The Baku-Tbilisi-Ceyhan oil pipeline runs through three countries between the Caspian and Mediterranean seas.
Doug Beach for NPR
The Baku-Tbilisi-Ceyhan oil pipeline runs through three countries between the Caspian and Mediterranean seas.

This summer, a 1,000-mile pipeline is expected to begin pumping oil from Azerbaijan's Caspian Sea coast, through neighboring Georgia, to a Turkish port on the Mediterranean Sea. Ivan Watson travels the length of the pipeline and reports on the people and places along the way.

White Milk, Black Diamonds

Oltu, Turkey -- April 7, 2006 The difference between Turks and residents of the former Soviet Union is enormous.

Just a few miles from the Georgian border, we stopped next to a small village called Sogutveren, where a young man in an orange jumpsuit and his middle-aged uncle and aunt warmly greeted us outside their simple, one-room farmhouse.

"Would you like to come inside for some milk?" asked the woman, named Gulperi (Rose Fairy) Alsan.

There was no furniture inside the room, aside from two hard beds and a table. The men chatted with us, and the woman entered a few minutes later with a small bucket of milk fresh from one of the family cows. She heated it in a saucepan for a few minutes, mixed in a little sugar and served it up in coffee mugs. Delicious.

The room was decorated with a few hanging carpets, one depicting Mecca, and photos of the couple's children, who lived and worked with their families in Istanbul. Several photos showed their sons in camouflage uniforms, performing the military service required of all Turkish men.

Later, the Alsans showed us their barn, which was the next room over, where seven cows nursed a number of calves, including one that was born just two days earlier. The family supported themselves by selling milk, as well as butter and cheese.

Their 26-year-old nephew, Olcay, had spent a month doing construction for the oil pipeline which ran through the neighboring valley. He still used the orange jumpsuit and boots he'd been given for pipeline work to do his farm work. These people were as poor as anyone I had met in Georgia, but they showed no sign of anger, bitterness or resentment at their lot in life.

Neither did the men I interviewed at a gas station, or the traders who treated my driver, Burcak, and me to a glass of bitter tea in the town of Oltu, across the street from two huge Turkish flags, which decorated town hall. Downtown stood a statue of the founder of the modern Turkish Republic, Mustapha Kemal Ataturk, riding horseback and waving a saber.

Turkish soldiers marched at a small base next to a gas station, while women in headscarves walked through the streets with their children.

The town was jammed with shops, stores, and a small bazaar devoted to crafting jewelry made out of oltu, a locally mined semiprecious stone that is translated in a Turkish-English dictionary as "black diamond." Craftsmen said the stone has been carved into jewelry and prayer beads here for centuries. Today, you can get a "black diamond" key chain for less then five bucks.

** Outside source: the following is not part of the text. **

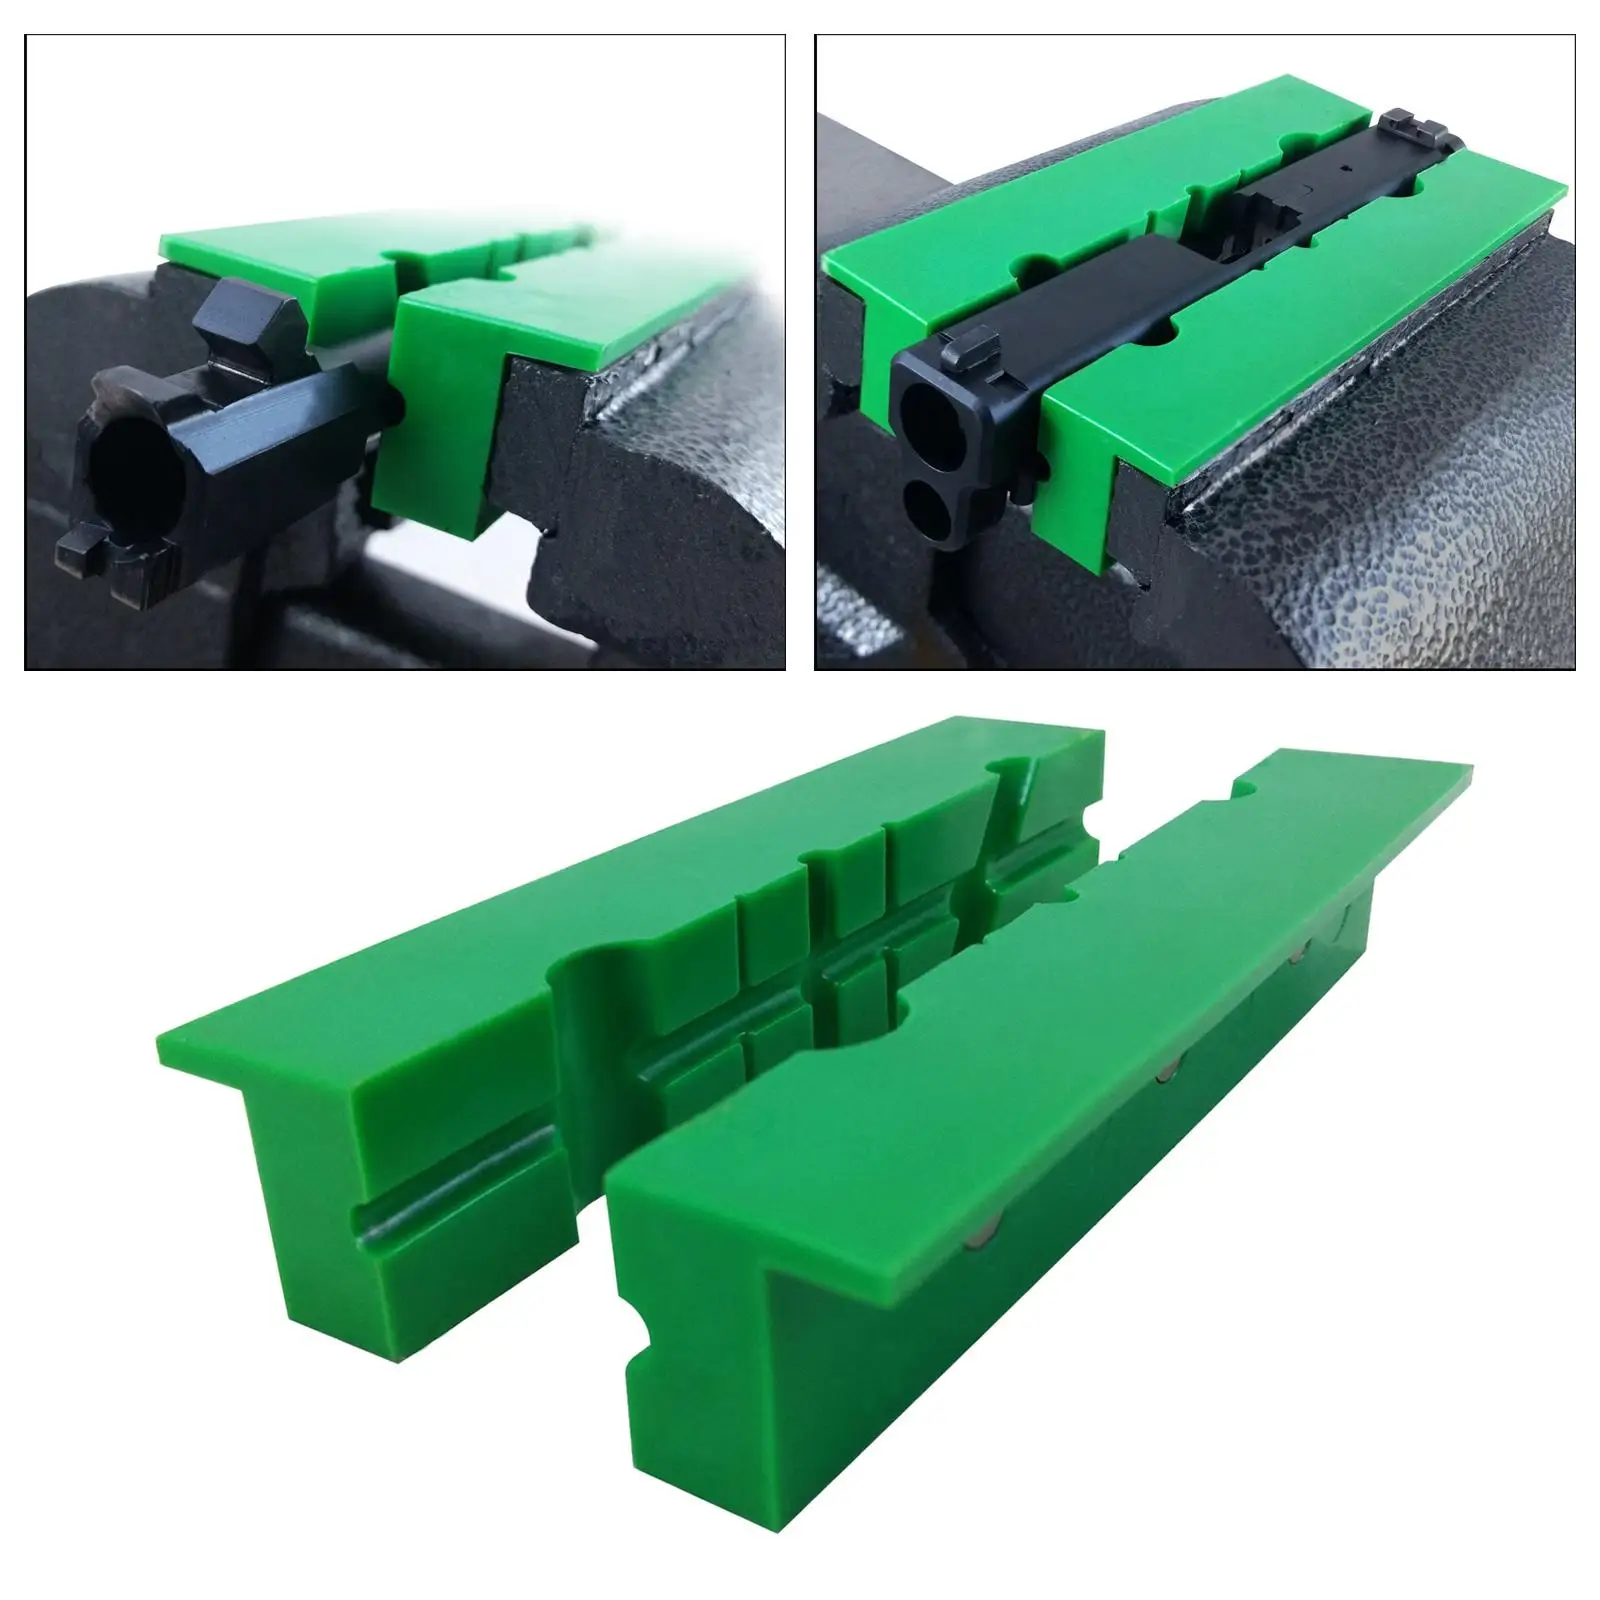 Soft Vise Jaws Pads, Vise Jaw Protection Strips, Use on Metal Bench Vise to Clamp Flat, Round or Irregular Shapes Objects

At a local restaurant, families sat in a separate section, segregated from men-only tables. When we asked around about the pipeline that ran nearby, nobody seemed to know about it.

Border Crossing

Turkish-Georgian Border -- April 7, 2006 From Vale, a beaten dirt road leads less then five miles to the Turkish border. Old Soviet-era guard towers still stand -- empty from what I could see -- on the Georgian side of the border.

The border crossing, though, is about as relaxing as can be. I asked a Georgian customs guard, "You don't have a bathroom around here by any chance."

"Bathroom?" he answered in heavily accented Russian. "Of course we have a bathroom! How could we not have a bathroom?! Follow me."

Aside from guards and customs workers, the border crossing was mostly deserted. But as the Georgians were stamping my passport, guards ushered three women from Kyrgyzstan through the Turkish side. "Ivan, look," my driver, Yura, said. "Prostitutes."

The Turks did a cursory search of my luggage and let me pass. A well-maintained, paved road began on the Turkish side of the border, and it's been paved highway ever since.

Uncle Gocha's House of Culture

Vale, Georgia -- April 7, 2006 A dirt road runs through the last Georgian town before the Turkish border.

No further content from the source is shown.